On the theme of education, R.E. Asher, in his foreword to the second edition, writes that there are two principal strands that one finds in the book. One is the real need for women to be educated – as illustrated in M.P Sahib’s ‘The Dawn of Enlightenment’ (1969), wherein a Muslim woman, Ameena, ensures that her daughter receives at least basic education the ironical intention of preserving her purity as a woman. Second is the argument about the prevalent attitude that schooling is more of an adornment as far as women are concerned and at most a passport to marriage, a means of earning a living rather than ensuring her real independence or developing her true potential as a human being, as in the case of ‘A Resthouse for Travellers’ (1998). The protagonist, ruing her marriage to a busy scientist, thinks, “When the marriage took place, she and everyone in the village considered her lucky. …But today if they knew the truth, she was just his housekeeper, nothing more, except for social occasions at college, when she was an adornment”.
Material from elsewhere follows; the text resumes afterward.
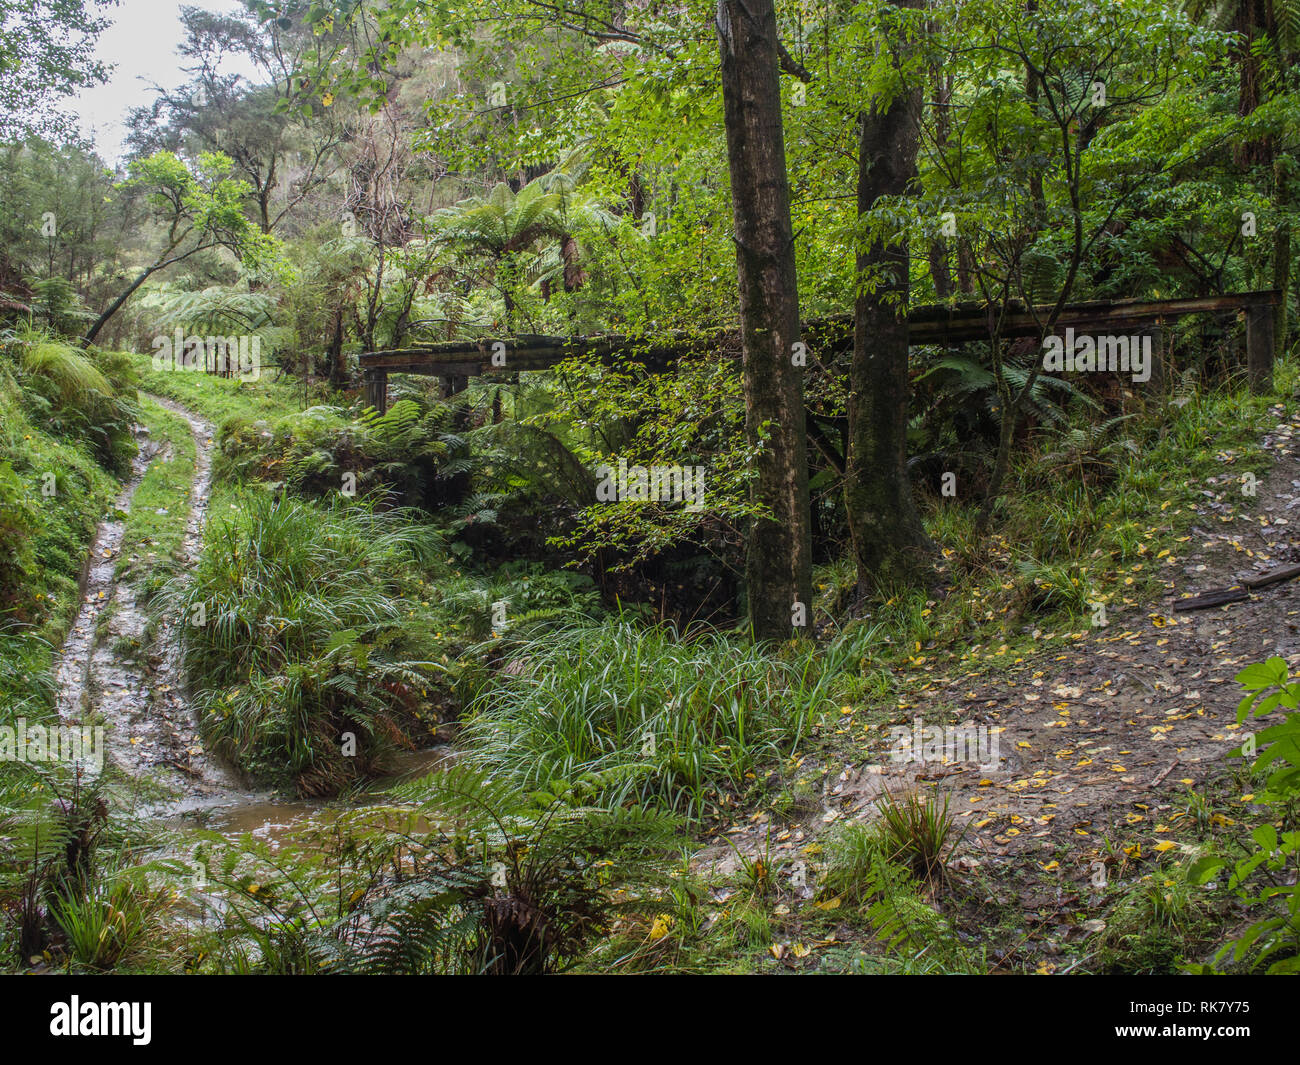 Broken bridge, dirt track trail diversion and ford across stream, regenerating forest on abandoned farm,  Ahuahu Valley, Whanganui River, New Zealand Stock Photo

In fact, the struggle that Malayali women have to undergo to lead an independent life is further underlined in K. Saraswathyamma’s Female Intellect (1948). Vilasini is a “self-willed girl who listens to know one”. Forced to abandon her studies due to financial difficulties she trains to be a typist and lands herself a job in a government office. Seeing her outspoken and bold nature some feel she is “a woman with manly qualities”. Even as Vilasini’s friends get married and have children she keeps rejecting suitors, preferring to keep her independence, notwithstanding the several jibes that come her way from even the best of friends. Her friend Vijayalakshmi says: “Tradition, circumstances, social customs, and nature’s secrets have gotten together and the woman’s brain has to surrender before all these….a sharp intellect that helps men to grow and rise up in their profession is not only unnecessary but also a nuisance to women.”

Vilasini is perhaps the closest reflection of K. Saraswathyamma, the self-confident and outspoken writer, who freely interacted with men and chose to remain single. Much ahead of her times, her honest writings were not very well received by women and she was subject to much criticism.
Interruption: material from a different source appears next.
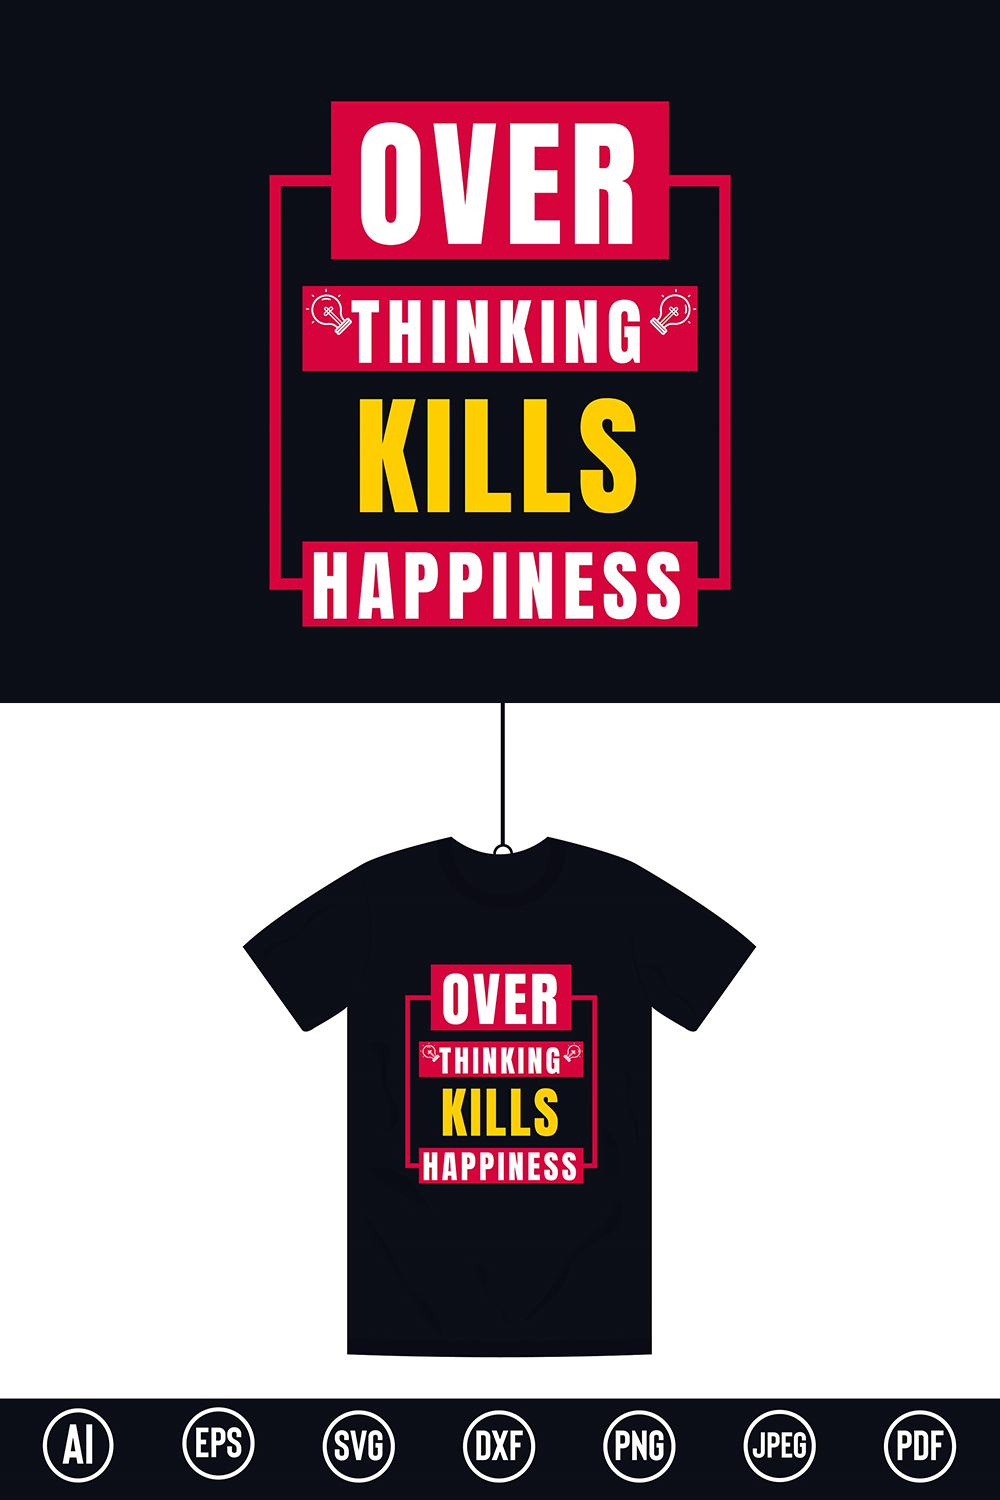 Modern Typography T-Shirt design with “Over Thinking Kills Happiness” quote for t-shirt, posters, stickers, mug prints, banners, gift cards, labels etc pinterest preview image.

Of course, not all stories in the collection are set in Kerala. Malayali women settled outside the state confront a different set of challenges and perhaps the most compelling representation of them is in N.S. Madhavan’s When Big Trees Fall ‘(1993). Set in the north Indian town of Meerut, Uttar Pradesh, during the anti-Sikh riots of 1984, the story is about a group of nuns led by sister Agatha, who save a young Sikh boy and his mother while the city is burning. Hounded by rioters, Amarjit knocks at the doors of a convent for protection, with her son Joginder Singh, only to emerge two days later, cloaked in another identity to escape the violence.

The other story that highlights the spirit of the non-resident Malayali women is Sarah Thoma’s A Dream from Israel (2001) in which a young Malayali journalist from Mumbai meets a Jewish man at a film festival in Cochin and is intrigued by the story of his aunt’s love for her teacher. In Gita Hiranyan’s Ghaire-Bhaire (1998) and Madhavikutty’s Sandalwood for the Funeral Pyre (2000) the Malayali settled abroad makes fleeting appearances.
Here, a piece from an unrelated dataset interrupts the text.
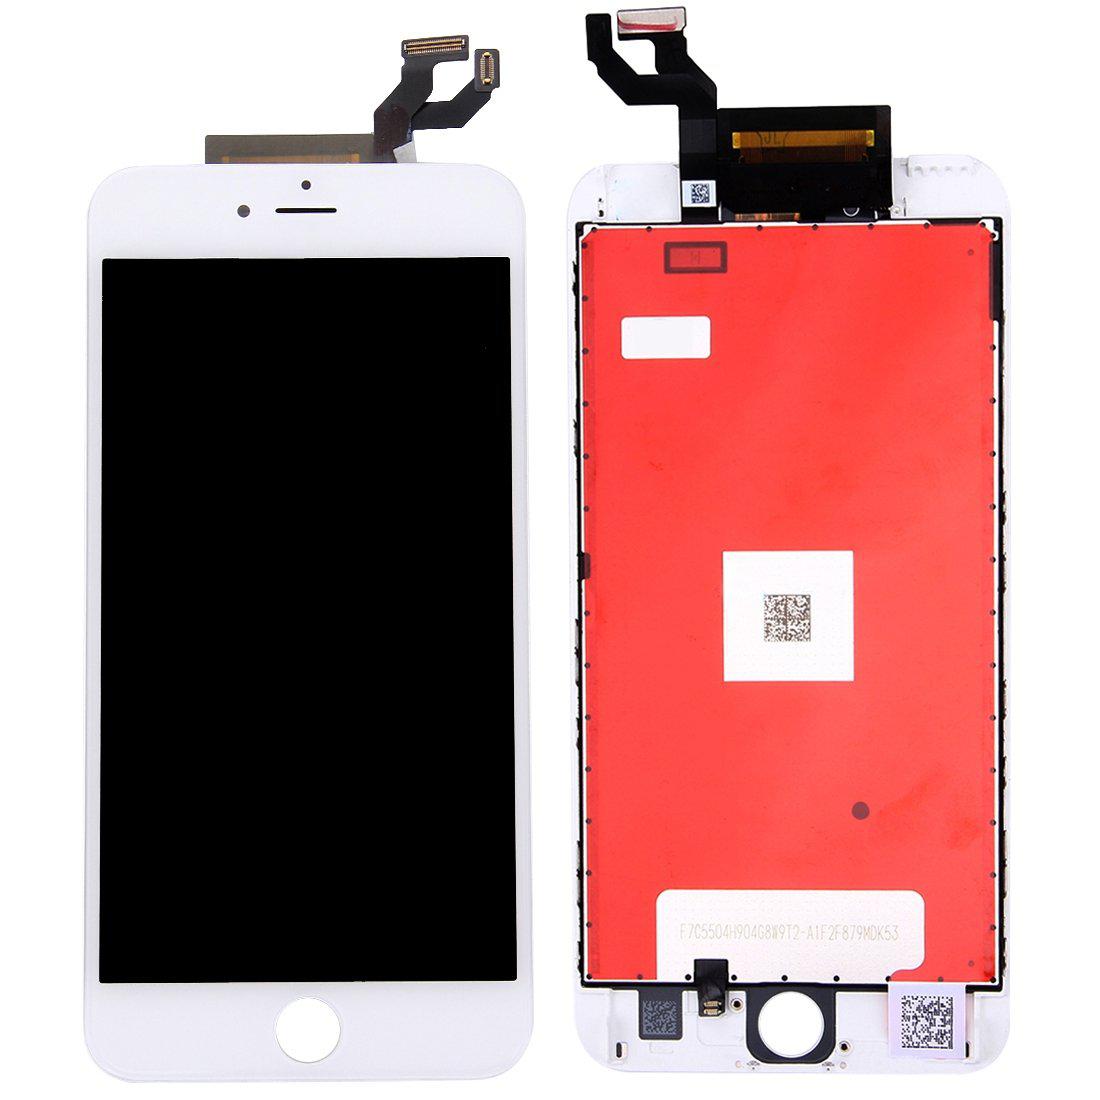 Apple iPhone 6s Plus 5.5" Replacement LCD Touch Screen Assembly - White for [product_price] - First Help Tech

Collated and translated by Achamma Chandersekaran, a Malayali settled in Washington, D.C., Daughters of Kerala brings to the fore works of some hitherto un-translated Malayali writers, giving voice to the largely neglected aspects of Malayali womanhood. From the candid doll-maker in Karoor’s Wooden Dolls (1963) to the bitter drug addict Arya in Chandramathy’s Arya Reborn (1993), from the bold Vilasini in K Saraswathyamma’s Female Intellect to the guilty wife in Gita Hiranyan’s Ghaire Bhaire, the collection offers diverse vignettes of Malayali women and the challenges they are confronted with. The translations in themselves maintain the simplistic flavour and spirit of the original short stories giving the reader a glimpse of both the charming and challenging aspects of Malayali life.